D.I.A. Blends Art and Fashion with "Labor of Love"

Photograph of Isabel Toledo's "Three Forces" installation
"Three Forces" by Isabel Toledo | Photo courtesy of D.I.A.

Opened Dec. 16, the Detroit Institute of Arts’ “Labor of Love” exhibition features works by artists and designers Ruben and Isabel Toledo. A renowned fashion designer who was once creative director for Anne Klein, Isabel Toledo is perhaps most famous for having designed the inauguration dress for Michelle Obama in 2009. Her husband, Ruben Toledo is a painter, sculpter, and illustrator.

“This exhibition is a good example of the ways that the D.I.A. can resonate with a broad and diverse audience, and find new opportunities to engage people with art and fashion,” D.I.A. Director Salvador Salort-Pons said to the Oakland Press.

The “Labor of Love” exhibition is based heavily on Diego Rivera and Frida Kahlo’s time in Detroit, with an emphasis on the “Detroit Industry” murals, which were first painted for the D.I.A. by Rivera in 1933. Even some of the most inconspicuous aspects of the exhibit are inspired by Rivera and Kahlo—blue walls in one room are intended to be a reference to Kahlo’s blue home in Mexico. The inclusion of these walls was a way for the Toledos to “bring the birthplace of Kahlo’s and Rivera’s creativity” into dialogue with their work.

There are some more obvious allusions: for example, upon entering the gallery lay Ruben’s “Color Code” paintings, a clear homage to the the “Four Races” located in the upper north and south panels of the Rivera’s murals. The women Ruben drew for these paintings were intentionally “militarized” as commentary on our political climate. This is noticeable especially in how the women’s skin has been painted; one in particular is inspired by a black and white patterned World War I ship.

In a separate room lies Isabel’s main installation entitled “Migration.” Several ornate, eye-catching outfits fill the room. The exhibition explains that “this congregation of sculptures presents the result of the cross-cultural pollination that occurs when diverse populations assimilate and settle in a new environment.”

Another highlight—also inspired by the “Detroit Industry” murals—is the Toledo’s collaborative piece, “The Choreography of Labor.” Dresses composed of the laborers depicted in Rivera’s murals line the wall, twisted up to resemble dancing women. This depiction is meant to represent the work of the line workers in Rivera’s murals in comparison to the workflow in the Toledos’ studio: “In both instances, the movement of laborers working together creates repetitive patterns that can be considered ritualistic or ceremonial,” the nearby wall placard reads.

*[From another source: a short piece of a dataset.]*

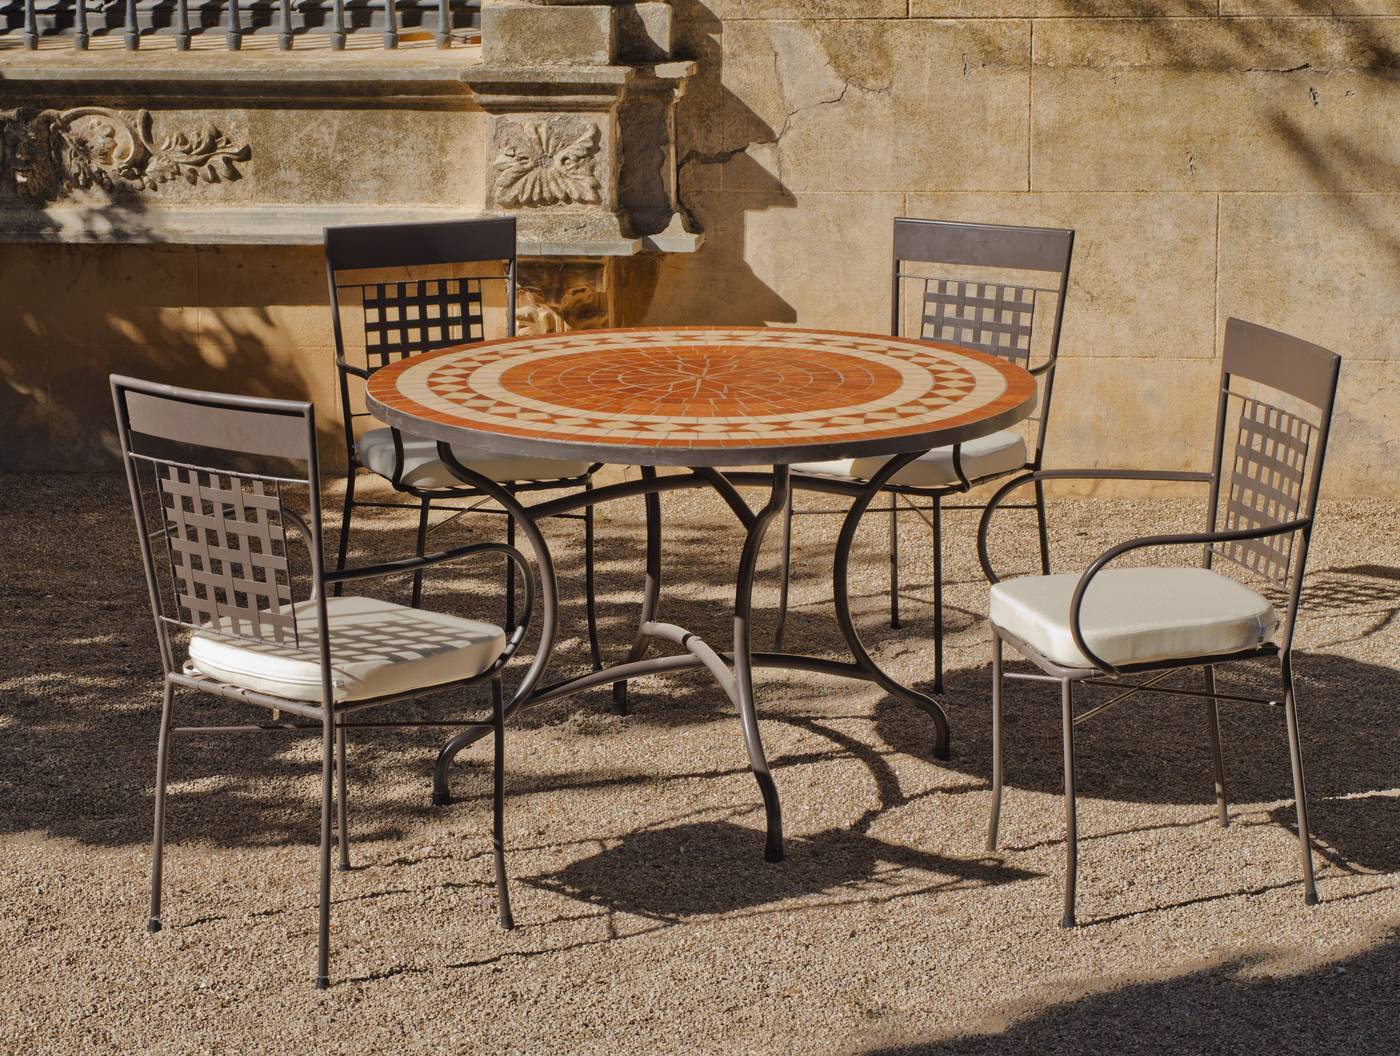 Conjunto de forja para jardín: 1 mesa con panel mosaico + 4 sillones de forja + 4 cojines

Much of the Toledos’ work is located in the special exhibition gallery; however, guests are offered an opportunity to view work by the Toledos on every floor of the museum. Dresses are set up by artwork which inspired the Toledos in various galleries throughout the D.I.A.

Isabel Toledo told the Detroit News that she “felt enriched” by the galleries: “As a fashion designer, this project allowed me to be an artist, as well.”

The exhibition is also in partnership with Sew Great Detroit, which teaches women sewing and employment skills and is run by Alternatives for Girls, a Detroit-based nonprofit that serves homeless and high-risk girls and women. Sew Great Detroit collaborated with the Toledos to create limited edition tote bags based on the exhibit, which can be purchased at the museum’s gift shop.

Ruben & Isabel Toledo: Labor of Love runs through July 7 and is free with general museum admission. General admission to the D.I.A. is free for residents of Wayne, Oakland, and Macomb counties.